Monty Miranda is an American film director. His first feature film, Skills Like This, won the Best Narrative Feature Audience Award at the SXSW Film Festival. The film released theatrically on March 20, 2009, on DVD November 17, 2009 and premiered on Starz, the premium cable television channel on December 31, 2009. https://buffalo8.com/portfolio/monty-miranda/

Skills Like This screened worldwide on the film festival circuit prior to its American theatrical release by Shadow Distribution in 2009. The film received positive reviews from publications ranging from The New York Times and Variety  to Salon.com. In her review for The New York Times, Jeanette Catsoulis wrote, "the offbeat chemistry of the cast, along with Monty Miranda's eye-catching direction...make all the difference... Drawing much of its energy from an eclectic and fully integrated soundtrack, "Skills Like This" gazes indulgently on 20-something aimlessness and the comfort of assigned roles. In Mr. Miranda's hands sloth can be more appealing than you might think." Variety further stated that the main characters of Skills Like This showed "considerable intelligence and chemistry" in addition to calling the film "deftly directed"  and from Salon Andrew O'Heir reviewed Skills Like This as "Cheerfully anarchic ... indescribably genuine."  New Video Group, reviewing the DVD, said the film "bristles with rock'n'roll energy—underscored by the sounds of Denver's music scene". The film screened in theatrical release for four months.

Following graduation from the University of Colorado where he studied Film and Journalism, Monty Miranda founded the commercial production company Incite Films which launched his directing career. Miranda's producer on Skills Like This was the documentary Academy Award winner Donna Dewey.

The Insomniac is the second feature film directed by Monty Miranda. His first film, Skills Like This (which stars Spencer Berger, who plays Andrew Booker in The Insomniac), won the award for Best Narrative Feature at the South by Southwest film festival. Salazar came up with the idea for the script when he caught someone breaking into his house after a scheduled meeting was canceled. Although nothing happened to him or his house, Salazar didn't sleep at all, thinking about what could've happened if he went to the meeting. On a radio interview, Salazar revealed that he couldn't sleep profoundly for two weeks due to the ambient sounds outside his house, fearing that someone was trying to break in again. This led to the writing of the script. The movie also stars Danny Trejo and John Heard (actor).

Principal photography took only 18 days, with two extra days for pick-ups. Grand Entertainment Group is distributes.

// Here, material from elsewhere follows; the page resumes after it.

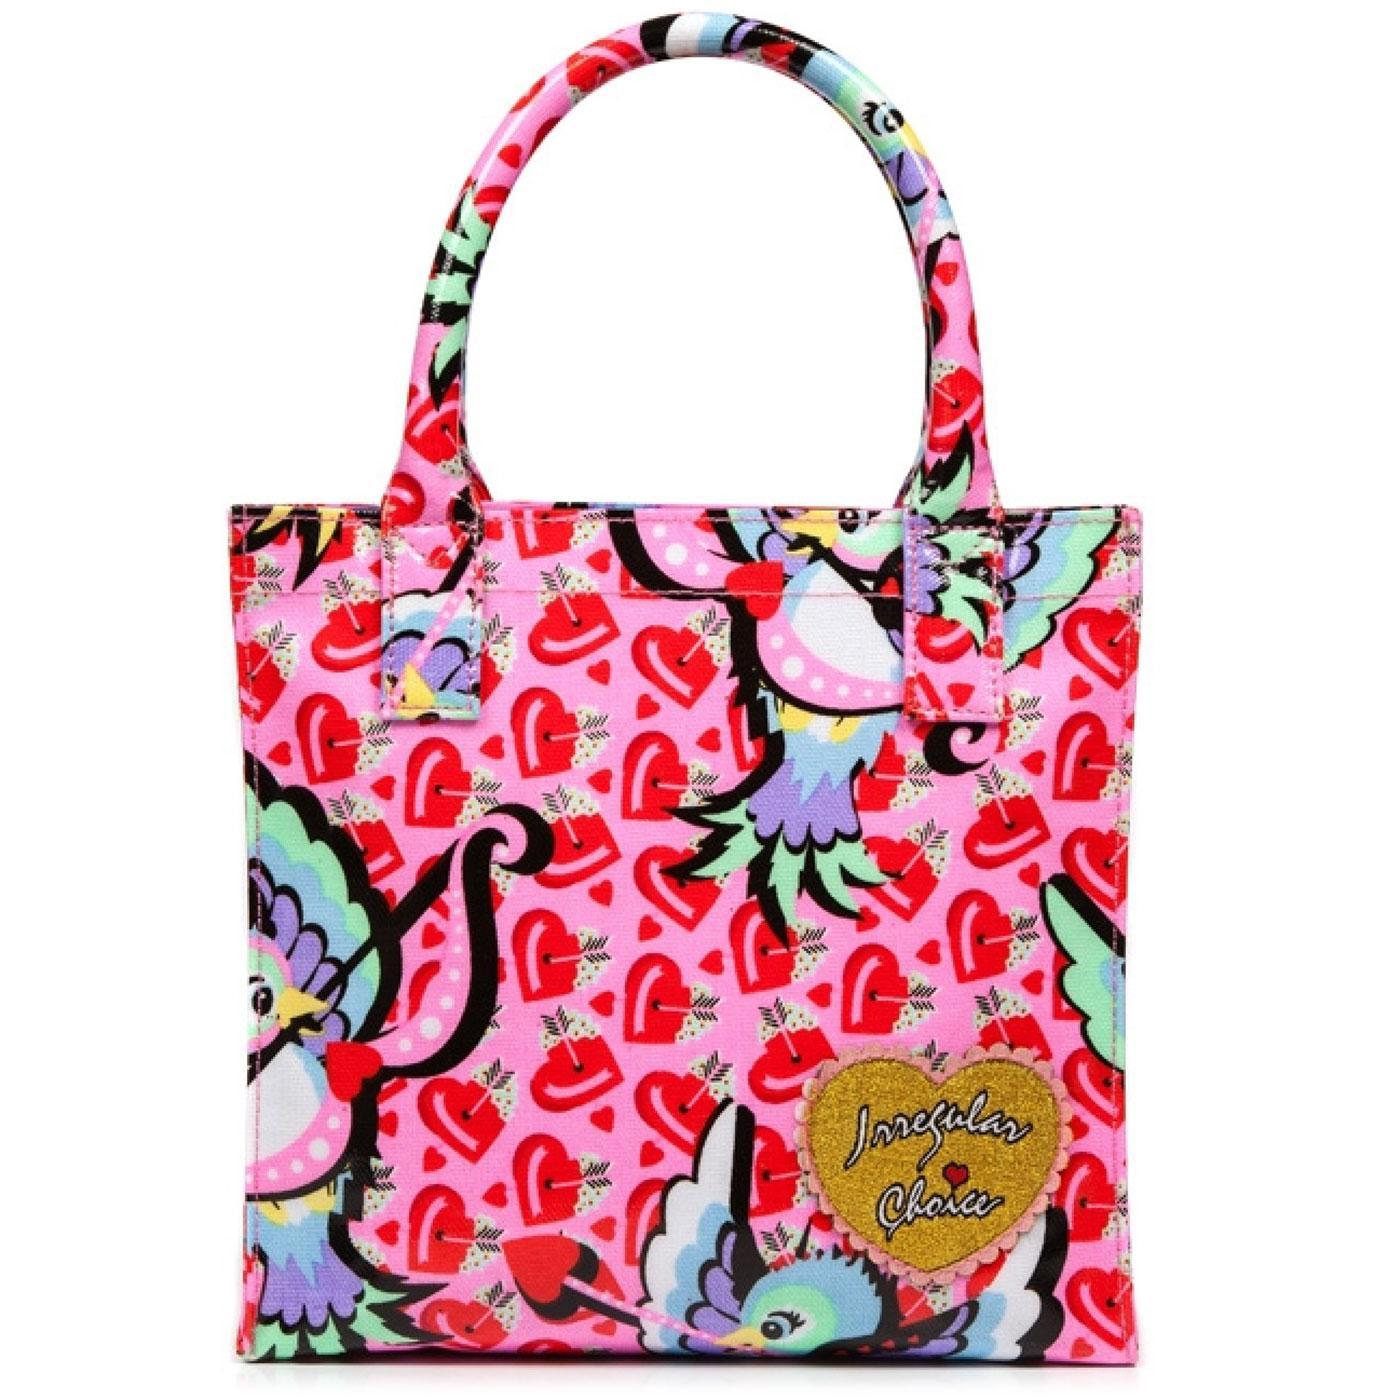 Magic Shopper IRREGULAR CHOICE Small Love Bird Bag
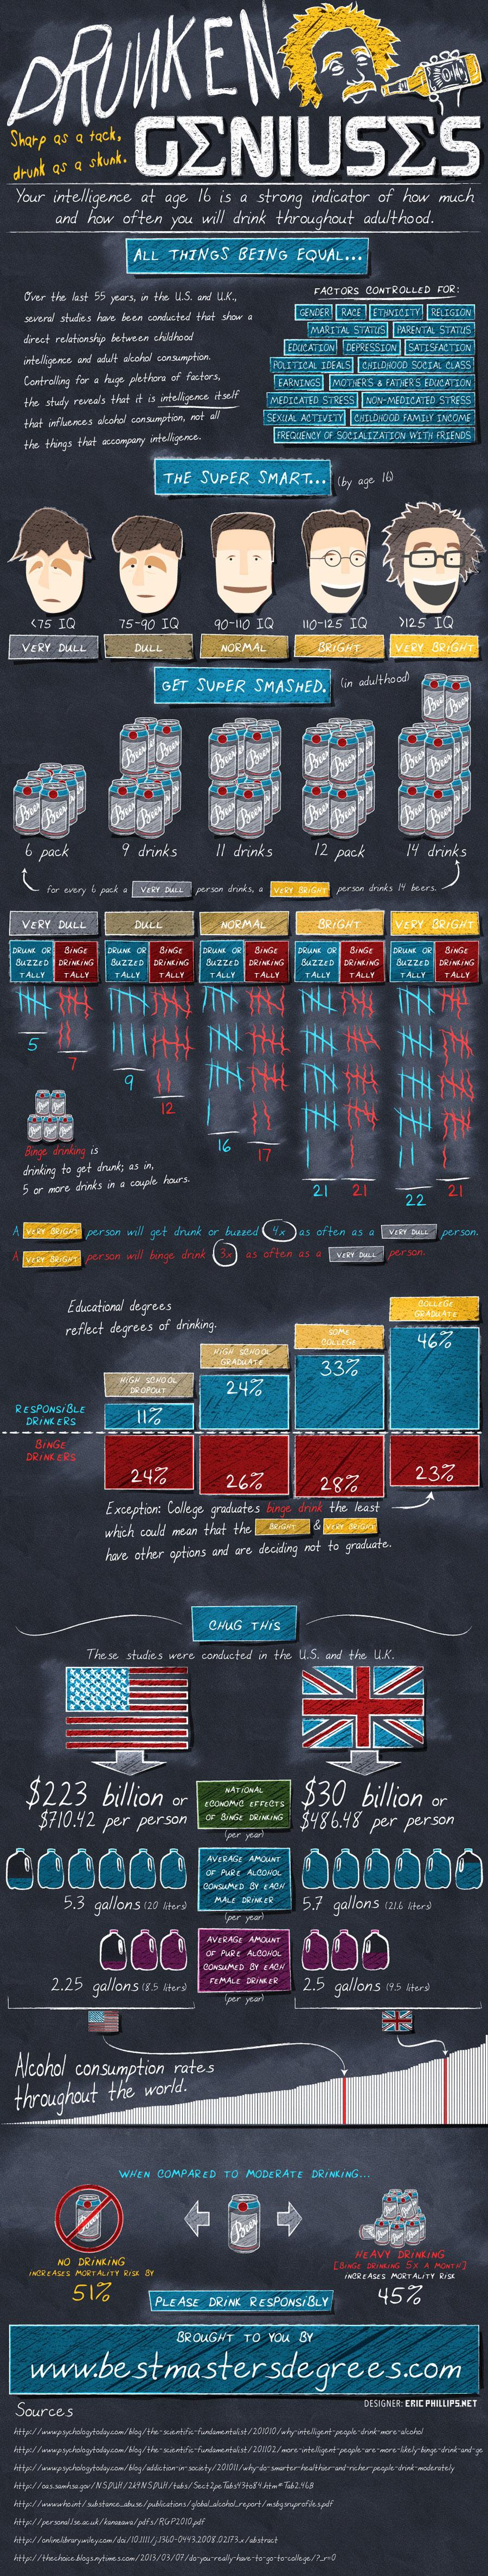 Correlation Between Intelligence & Drinking Alcohol [Infographic]

Miranda's third feature film is a 3D documentary American Mustang described as an "artful blend of exquisite nature documentary and character-driven narrative, the majestic wild horses of the American West are revealed in stereoscopic 3D as never before. The wonder in a girl's eye pulls us into the drama that unfolds on hundreds of millions of acres of public land. The battle lines have long been carved into the landscape, and the players are deeply entrenched. Yet as the subtle choreography that has evolved over thousands of years begins, we are captivated. The intricate dance between a man and a wild horse presents lessons for us all, even the battle-hardened special interest groups fighting for the place of the AMERICAN MUSTANG."  American Mustang is Narrated by Daryl Hannah.

Early work
Miranda began directing commercials and co-created the first TV series about VIDEO GAMES, called TWITCH. Monty Miranda would make his directorial TV SERIES debut with TWITCH at just 26 years old creating it's overall style and vision. The show was loaded with that signature 90’s “attitude” and “MTV/grunge” visual aesthetic. Featuring quick cuts, extreme camera movements and “cool kids” reading goofy 90’s review copy off a teleprompter, it literally checks all the boxes for a hardcore 90’s videogame nostalgia trip…] Miranda's work became known for its diverse use of music and keen sense of comedy. 

He has directed commercials for companies including TiVo, McDonald's and Redbox, as well as writing and directing the launch promotions for BET Movies (now Starz inBlack). His work has additionally been recognised by the Cannes Lions International Advertising Festival, the CLIO's, the Effie Award, the Addy's, BBC's Most Outrageous Commercials, the Broadcast Design Association and FOX's World's Funniest Commercials. His award-winning political spots have been featured in the national press. CNN, the Los Angeles Times and The Washington Post praised the ads for their innovative approach and contribution to a landslide upset victory by brew master restaurateur and political neophyte John Hickenlooper, helping him to win the Denver mayor's office by the largest margin in history.

Awards and nominations
SXSW Film Festival – Best Narrative Feature Audience Award
Edinburgh International Film Festival – Best of the Fest
Warsaw International Film Festival – "Free Spirit" Special Jury Award Nomination
Jacksonville Film Festival – Jury Prize Award for Best USA Feature Narrative
The Rocky Mountain News "Top 25 Movers and Shakers Art, Entertainment, and Culture, 2008"

References

Interviews
IndieWire Interview
San Francisco Chronicle
Film Click Interview
Radio Alice
Movie Web Interview
Kultur&Nöje
Killer Film
https://buffalo8.com/portfolio/monty-miranda/

External links
 
 

American film directors
Living people
University of Colorado alumni
Year of birth missing (living people)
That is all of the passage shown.